The exceedance of the 15 ppb lead action level required the city to further investigate the high levels of lead by doing additional, continued water sampling and lead education outreach to its residents, as the city noted in a July 17th Public Advisory Notice to its water costumers. The Public Advisory Notice also recommended action steps that residents should take in order to reduce their exposure to lead. Following the notice, water filters were available at the city’s Fire Department and instructions were given on how to contact the city’s Water Department for residents who would like to have their water tested for lead. Lastly, the city partnered with the state to host a community informational session on August 13th where residents were able to ask questions and learn about what resources are available to them.

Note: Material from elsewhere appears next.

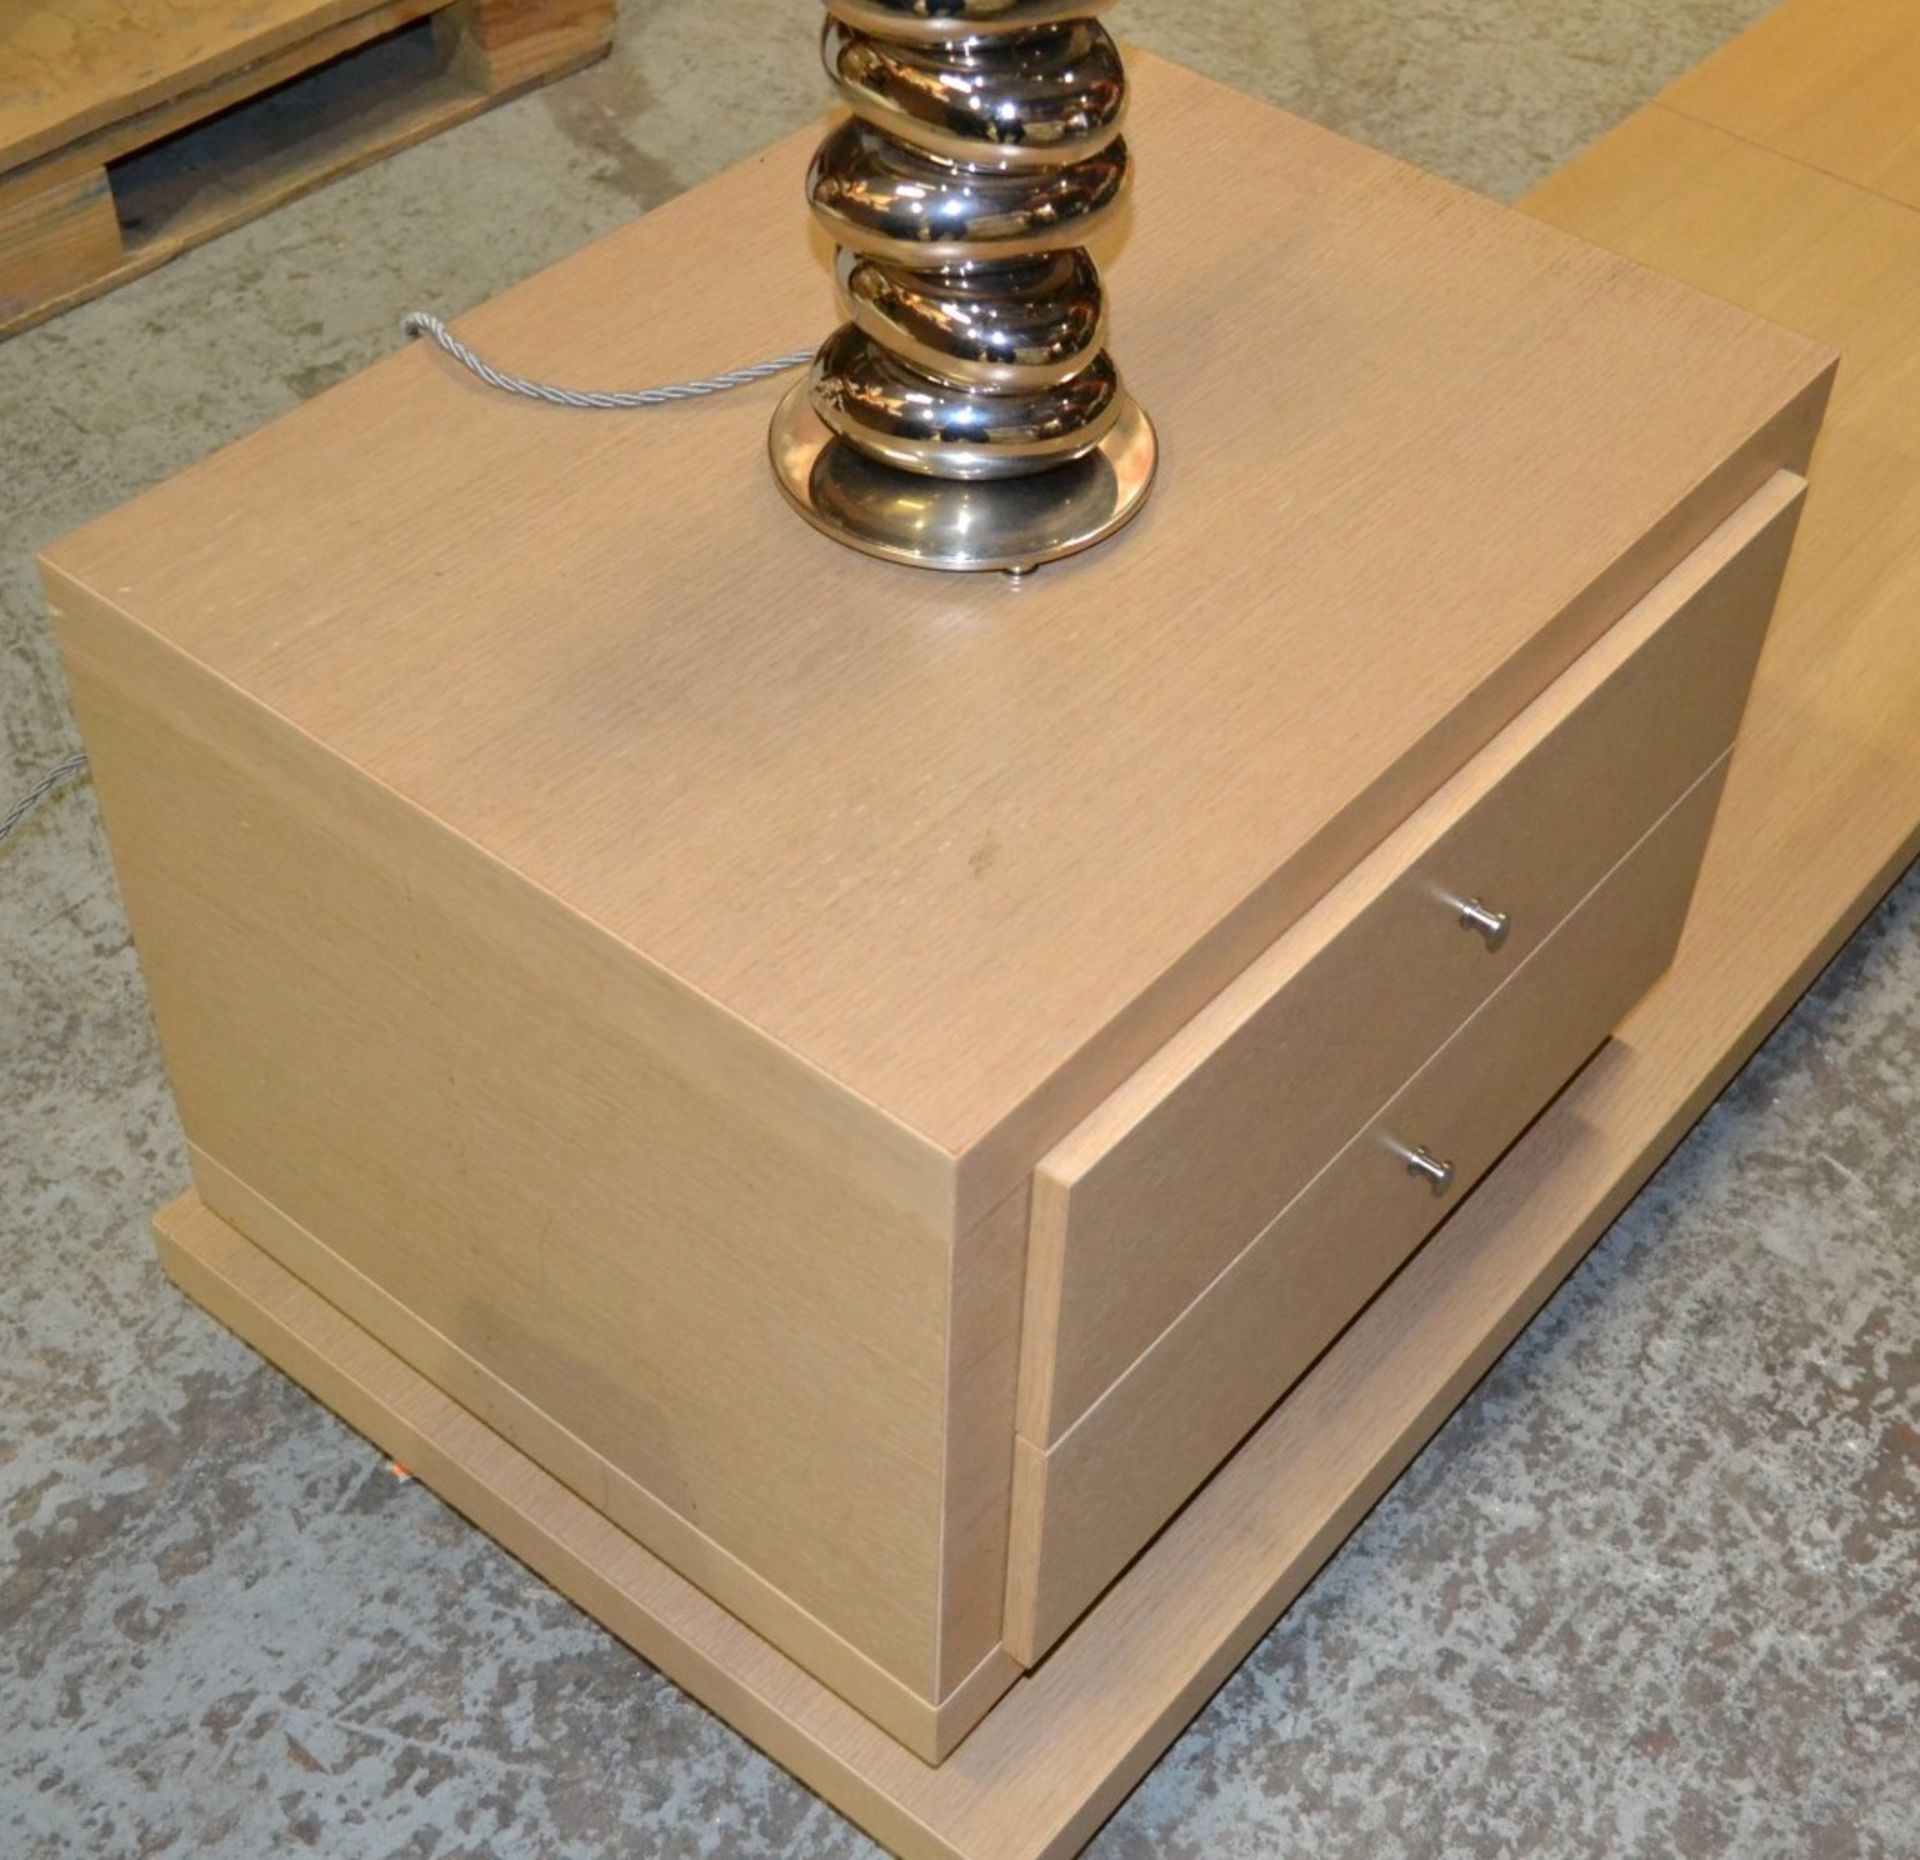 2 x Bedside Cabinets On Underbed Plinth With A Classic Oak Finish - 3 Metres Wide  - Used In Good - Image 7 of 8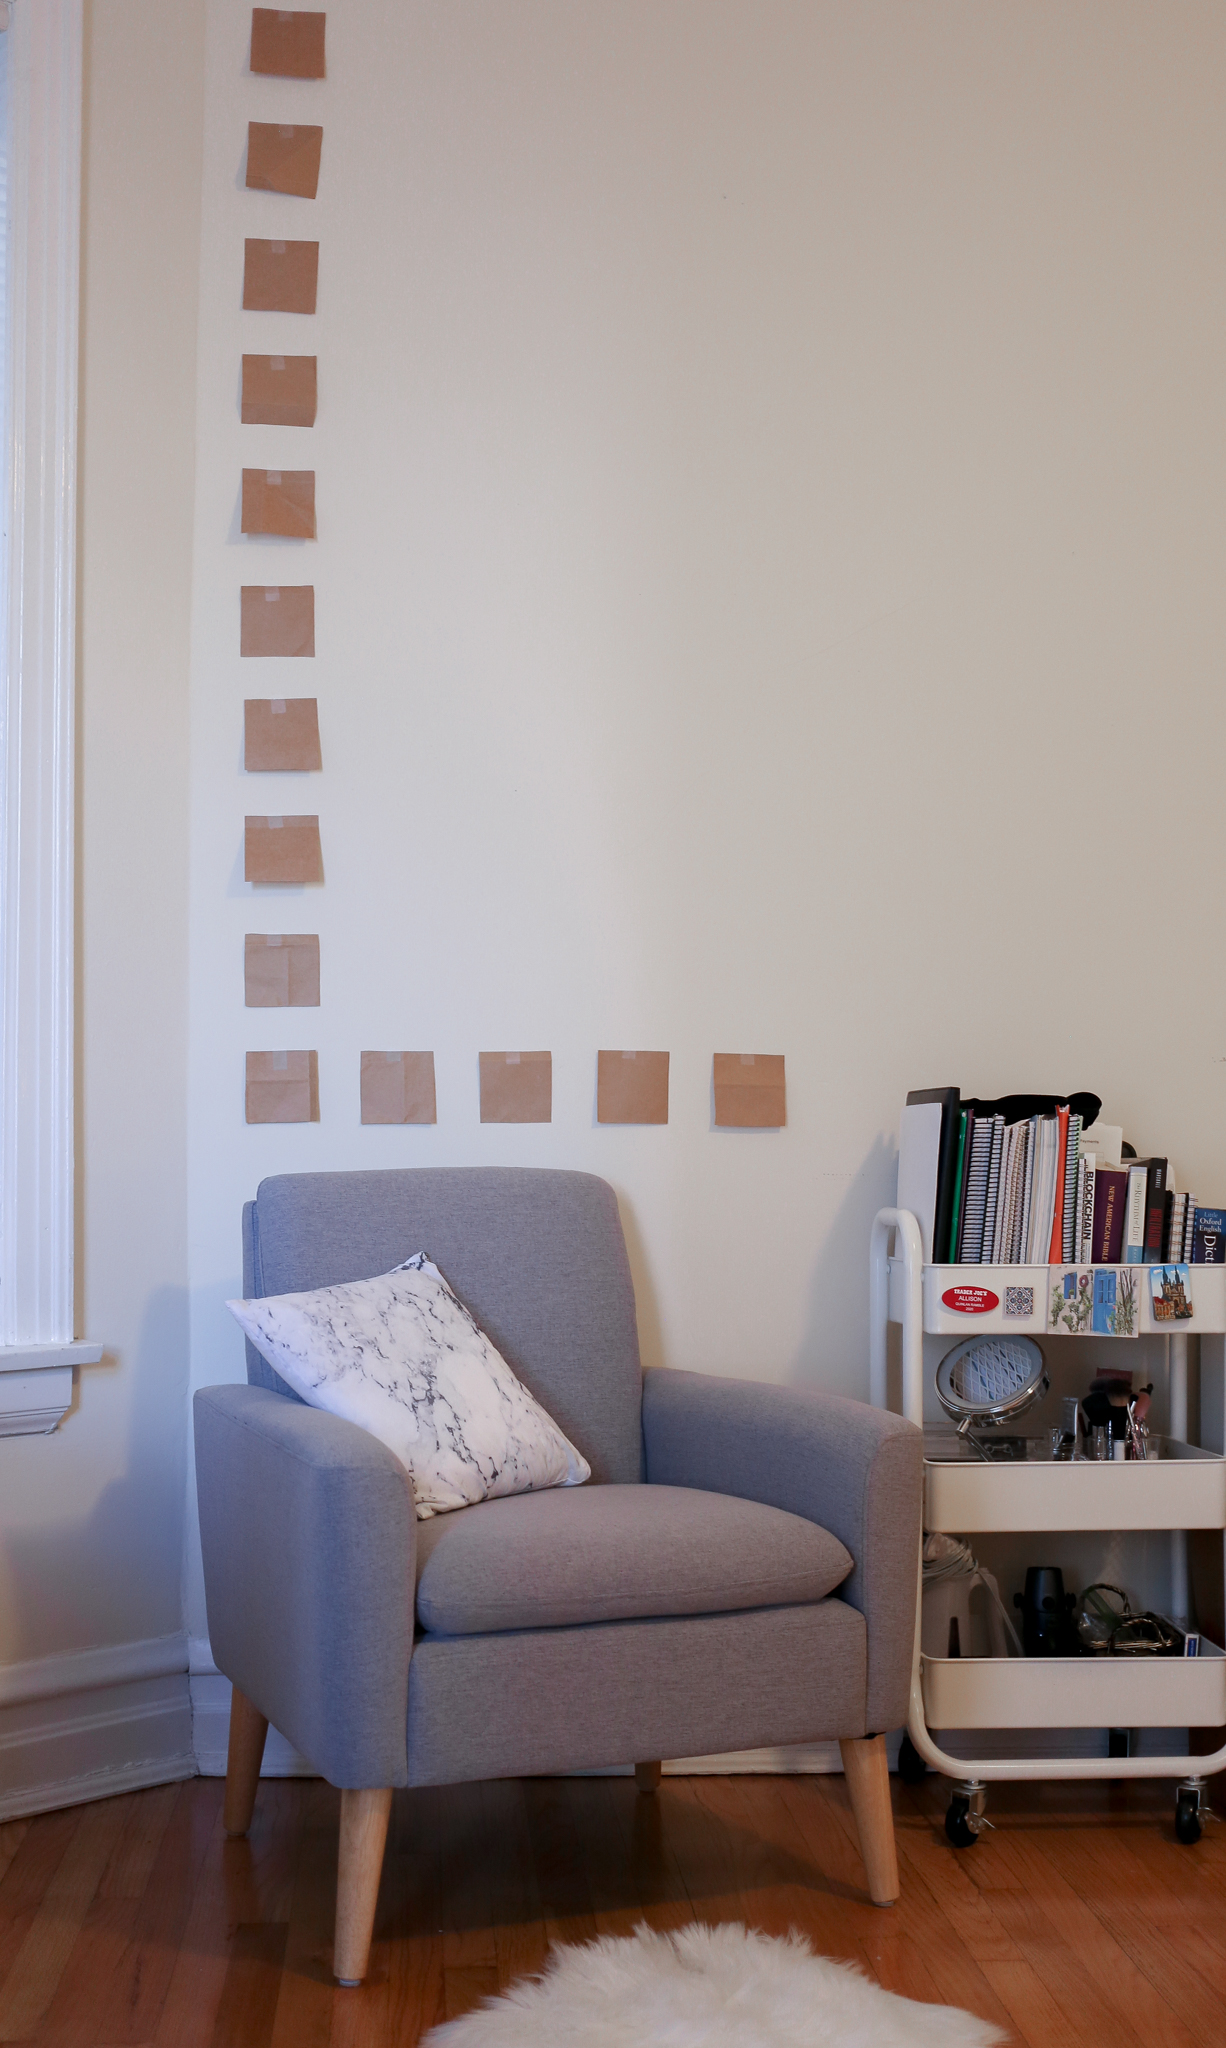 templates on the wall to guide placement

Highland Park appears to be taking the steps necessary mitigate damage while working to fix its existing lead contamination problem. However, far too often, as is the case with Highland Park, our most vulnerable communities are used as canaries in the coal mine. Thus, decision-makers tend to wait until people of color, low-income individuals, pregnant women, the elderly, and children are exposed to environmental hazards before remedial action is taken when primary prevention should be paramount to public health. With Michigan’s new Lead & Copper Rule, the most protective rule in the country, steps are being taken to get do better with the new testing protocols, the lowering of Michigan’s lead action level to 12 ppb beginning in 2025, and the mandated replacement of all lead service lines in the state by January 1, 2041. Likewise, there is a national push to update the federal Lead & Copper Rule to more be health-protective with an action level of no higher than 5 ppb and the requirement of the replacement of all lead service lines. But as the Michigan Rule continues to be implemented in segments and we await the proposed revised federal rule, we must remain vigilant in holding water suppliers accountable for doing something that seems simple enough: providing potable water that doesn’t poison the people drinking it.